This is a rush transcript from "On the Record ," June 12, 2007. This copy may not be in its final form and may be updated.

GRETA VAN SUSTEREN, HOST: Is there a different side to Paris Hilton that few people see? Paris Hilton's aunt, Kyle Richards, went "On the Record."

(BEGIN VIDEOTAPE)

VAN SUSTEREN: Kyle, you are one of how many sisters?

KYLE RICHARDS, PARIS HILTON'S AUNT: Three.

VAN SUSTEREN: Who's the oldest?

RICHARDS: Kathy, Kim, and Kyle.

VAN SUSTEREN: Kathy is the mother of?

RICHARDS: Paris.

VAN SUSTEREN: Paris.

RICHARDS: And Nikki and Baron and Conrad.

VAN SUSTEREN: How close are you to Kathy?

RICHARDS: Well, the family is an extremely tight-knit family. You know, we lost our mom five years ago, so I think we've all sort of taken the place of being Mom, you know, to each other.

VAN SUSTEREN: Since this has sort of developed, I guess since May 4, in large amount since the sentencing, can you describe the impact on Kathy and her father and just the whole family, your niece's arrest?

RICHARDS: This has had such an enormous impact on our entire family. No one could ever have imagined going through something like this. I would definitely say it's been the hardest thing since losing our mom — extremely painful, just kind of in daze. And you just can't believe that this is happening over such a minor thing. I'm not saying minor with the DUI because, obviously, that's a big deal. But this was not about a DUI. It was driving with a suspended license. And we just kind of are in shock.

VAN SUSTEREN: If I ran into Paris in a Starbucks, just the two of us, and we were standing in line getting coffee, what do you think my impression of her would be?

RICHARDS: Sweet, kind, gentle, thoughtful.

VAN SUSTEREN: Does she like all the attention she gets?

RICHARDS: I think, at times, it can be flattering. Maybe more so in the beginning, when this all started happening. But the level of fame now is just — I wouldn't wish it on my worst enemy.

VAN SUSTEREN: How did she get famous? I mean, what is it that sort of put her in the limelight?

RICHARDS: You know, when she was younger, they'd say, “Oh, she's famous for doing nothing.” You know, well, she was. You know, she was pretty girl going around New York City, and people knew who she was, and knew who her family was. So that kind of got everyone's attention.

But now, you know, she's done so many things that no one talks about. You know, she has a TV series. She has her movies. She has a CD. She has a perfume company, clothing, handbags. So no one talks about that, but she's doing so much. Yes, when she was younger, she was 15. What are you doing when you're 15?

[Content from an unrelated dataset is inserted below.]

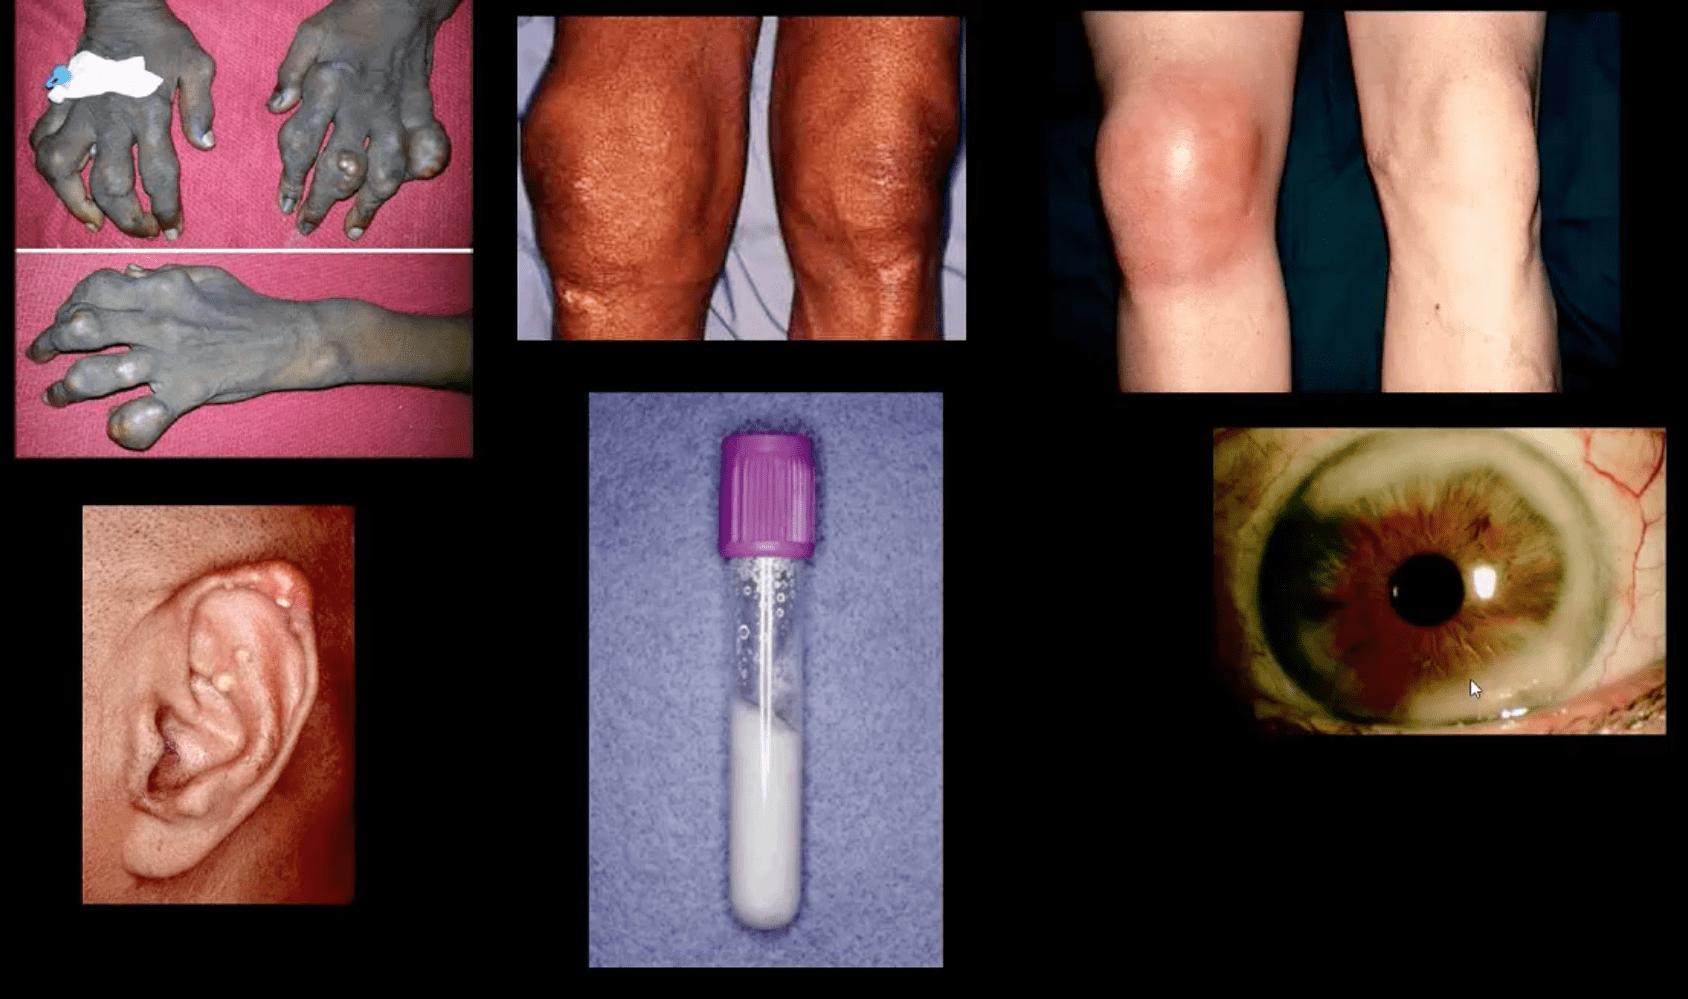 joelho artrite quiropraxia el paso tx.

VAN SUSTEREN: When was the last time you spoke to her?

RICHARDS: Last night.

VAN SUSTEREN: And?

RICHARDS: What can I say? I mean, she's doing better than she was. She's also in shock about what's happened with the press and how big this has become. But she just wants to be able to come out of there, and I think people think of her more as a human being, which people don't.

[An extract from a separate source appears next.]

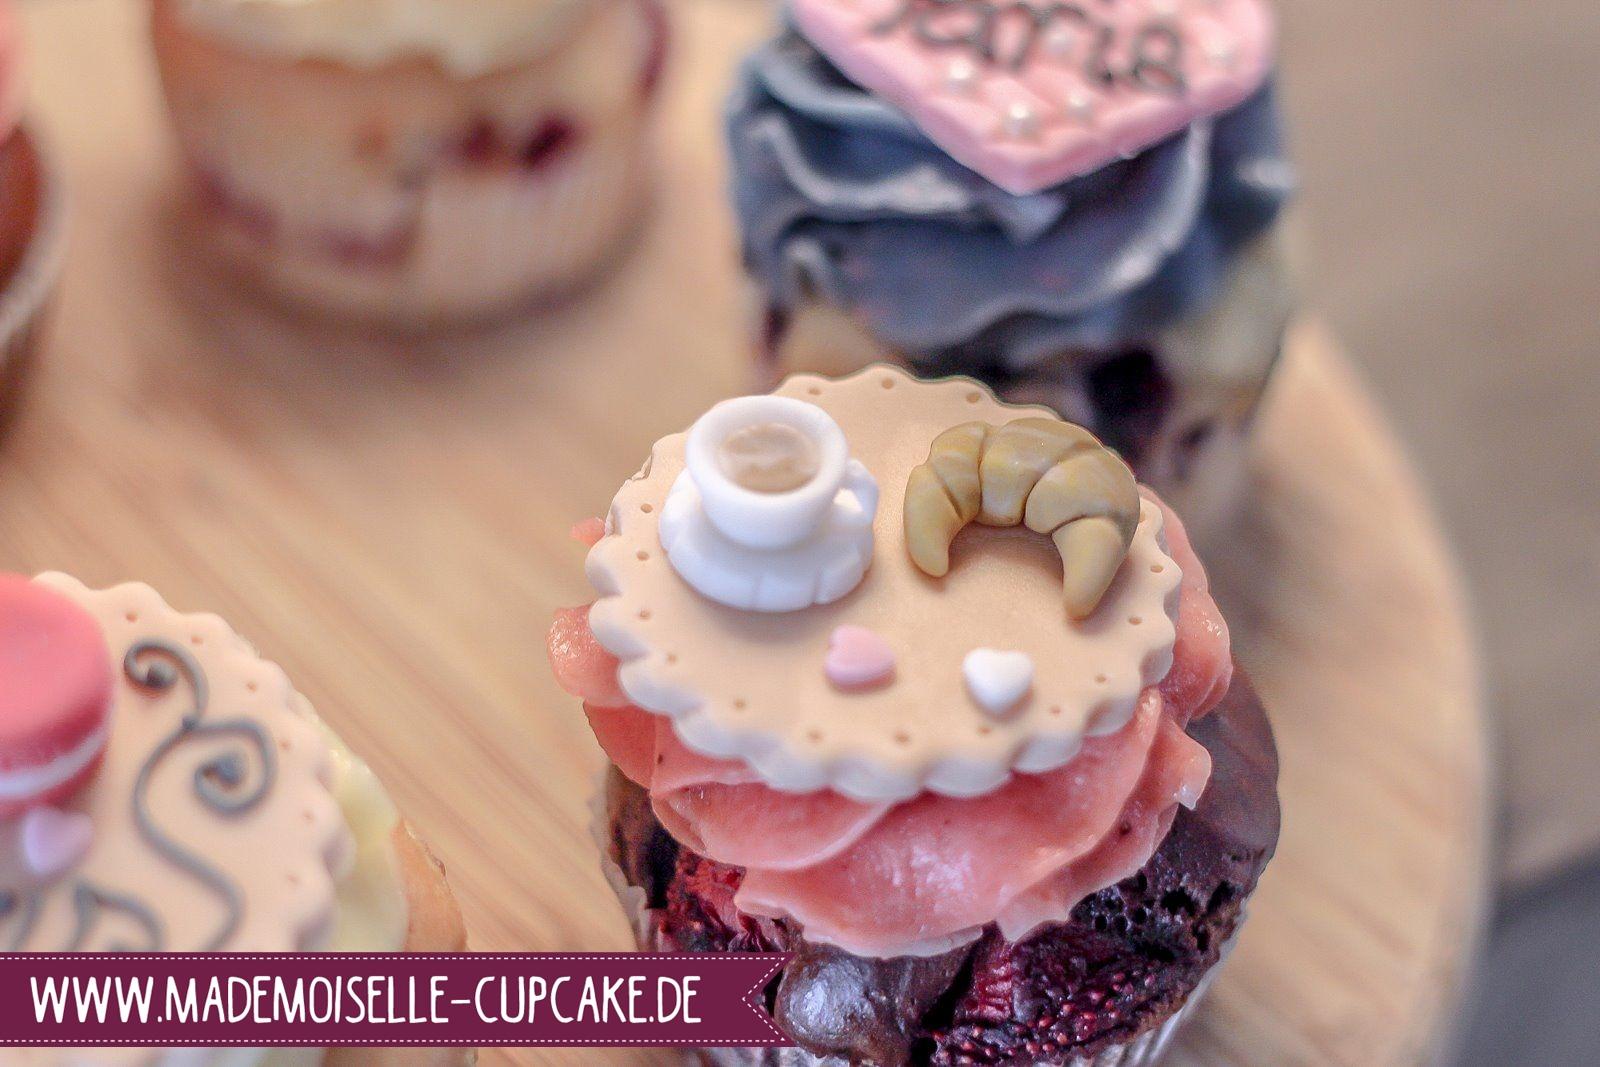 Paris Mademoiselle Cupcake

They talk about her like she doesn't have feelings. I mean, we'll sit there and we'll watch the news, and I hear lies after lies after lies. And I'll call her or I'll call Kathy, and I'll say, “I can't believe they just invent this. It's a complete fabrication. We have to do something.”

VAN SUSTEREN: Take me back to September, when she was first arrested for DUI. How did you hear about it?

RICHARDS: I got a text.

VAN SUSTEREN: From?

RICHARDS: From Nikki.

VAN SUSTEREN: That's her sister.

RICHARDS: Yes.

VAN SUSTEREN: Saying?

RICHARDS: Explaining what happened. And then, of course, I, like I do, flip on the news to hear about my family.

VAN SUSTEREN: Did you talk to Kathy, her mother, at that point?

RICHARDS: Of course. My family, when something happens, we're all huddled together, and we really come together and start trying to figure things out.

VAN SUSTEREN: Did you think that Paris had a drinking problem or this was just one night out, where she was drinking?

RICHARDS: I mean, Paris's DUI was .08. And yes, DUIs are a very serious matter, but it was .08, which for me is probably two glasses of wine. No, not a drinking problem at all. That was never a concern.

VAN SUSTEREN: Was there an accident involved with it at all?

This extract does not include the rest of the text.